Die Wahrsagerin 
Tapisserie aus der Folge "Jeux russiens" - image-1

Lot 1808 Dα

Die Wahrsagerin Tapisserie aus der Folge "Jeux russiens"

Auktion 1196 - Übersicht Köln
20.05.2022, 10:00 - Kunstgewerbe inkl. hochbedeutender Mörser der Sammlung Schwarzach Teil IV.
Schätzpreis: 15.000 € - 20.000 €

Die Wahrsagerin
Tapisserie aus der Folge "Jeux russiens"

Wirkerei in farbiger Wolle und Seide, hinterfüttert. Eine große dreifigurige Gruppe vor einer dichten Naturkulisse. Als Bordüre ein optisch dreidimensionaler Blattrahmen. In der unteren Bordüre gewirkte Signatur "D.M.BEAUVAIS". Fachmännisch restauriert und gereinigt, der äußere blaue Bordürenstreifen weitgehend ersetzt. H 282, B 380 cm.
Beauvais, um 1770 - 80, Atelier de Menou, nach Jean Baptiste Leprince.

Die hier vorgestellte Tapisserie "La Diseuse de bonne aventure" aus der Folge "Jeux russiens" nach Kartons von Jean Baptiste Leprince (1734 - 1781) wurde ca. ab 1767 in Beauvais hergestellt, in den Manufakturen Charron und Menou. Noch 1782, ein Jahr nach Leprinces Tod, entstand ein Exemplar als Geschenk des französischen Königs Louis XVI an den Kanzler des Fürstbischofs von Basel ausgeliefert (heute Musée Jacquemart-André).
Dasselbe Thema wurde von der Manufaktur in Beauvais bereits nach einem Motiv von François Boucher (1703 - 1770) für die Folge der "Italienischen Feste" produziert. Es geht zurück auf das in der Komposition sehr verwandte Gemälde von Boucher, das sich heute in den Sammlungen Châteaux de Versailles et Trianon befindet.
Jean Baptiste Leprince wählte eine andere Charakterisierung für die Figuren: Sie tragen keine ländliche französische Kleidung wie bei Boucher, sondern osteuropäisch wirkende Trachten, die auch Theaterkostüme sein könnten.

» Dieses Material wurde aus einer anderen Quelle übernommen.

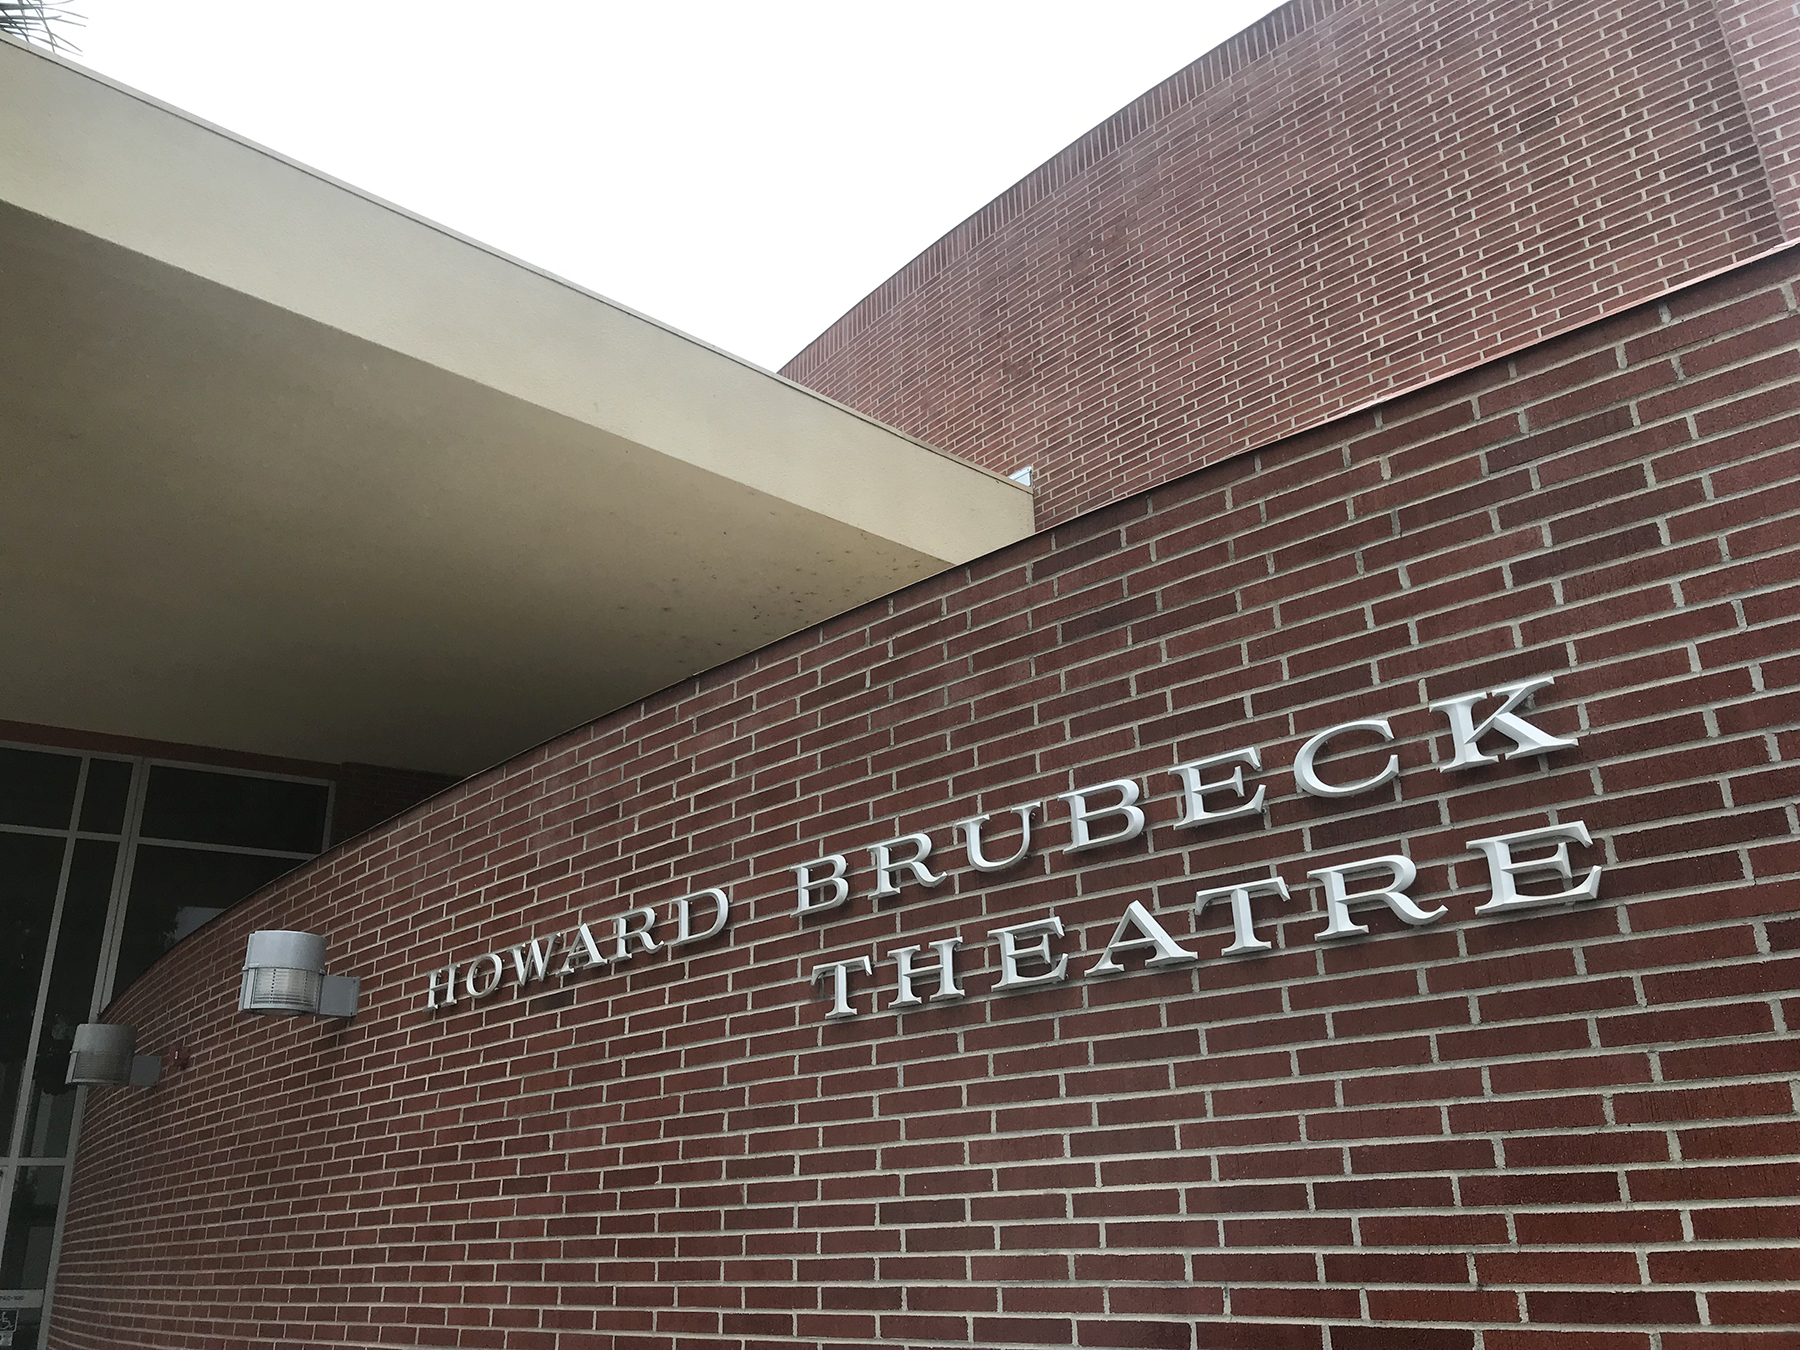 Howard Brubeck theatre at Palomar

Der Hintergrund wurde zusätzlich um eine große, über Baumstämme geworfene Zeltplane ergänzt und einen großen hölzernen Kinderwagen, der davor steht. Am rechten unteren Bildrand liegt das schlafende Kleinkind, gebettet zwischen Gemüse, Hühnern und Schafen.

Jean Baptiste Le Prince, 1731 in Metz geboren, entstammte einer Familie von Vergoldern und Bildhauern und war Schüler von Boucher und Vien. Er bereiste Italien, Finnland und Litauen, Russland, wo er sich in Moskau und Sibirien aufhielt. Von 1758 bis 1763 führte er Dekorationen für den Winterpalast in Sankt Petersburg aus. Die Reise nach Russland inspirierte sein zukünftiges Werk. Er brachte zahlreiche Zeichnungen mit, die er immer wieder verwertete und denen er seinen späteren Ruhm verdankte.

Provenienz

Verst. Kohn Paris am 26. März 2010, Lot 57.
Deutscher Privatbesitz.

Literaturhinweise

Ein weiteres größeres Exemplar dieses Wandteppichs in der Sammlung Musée Jacquemart-André Paris und ein kleineres im Mobilier National, Inv.Nr. GMTT-224-001.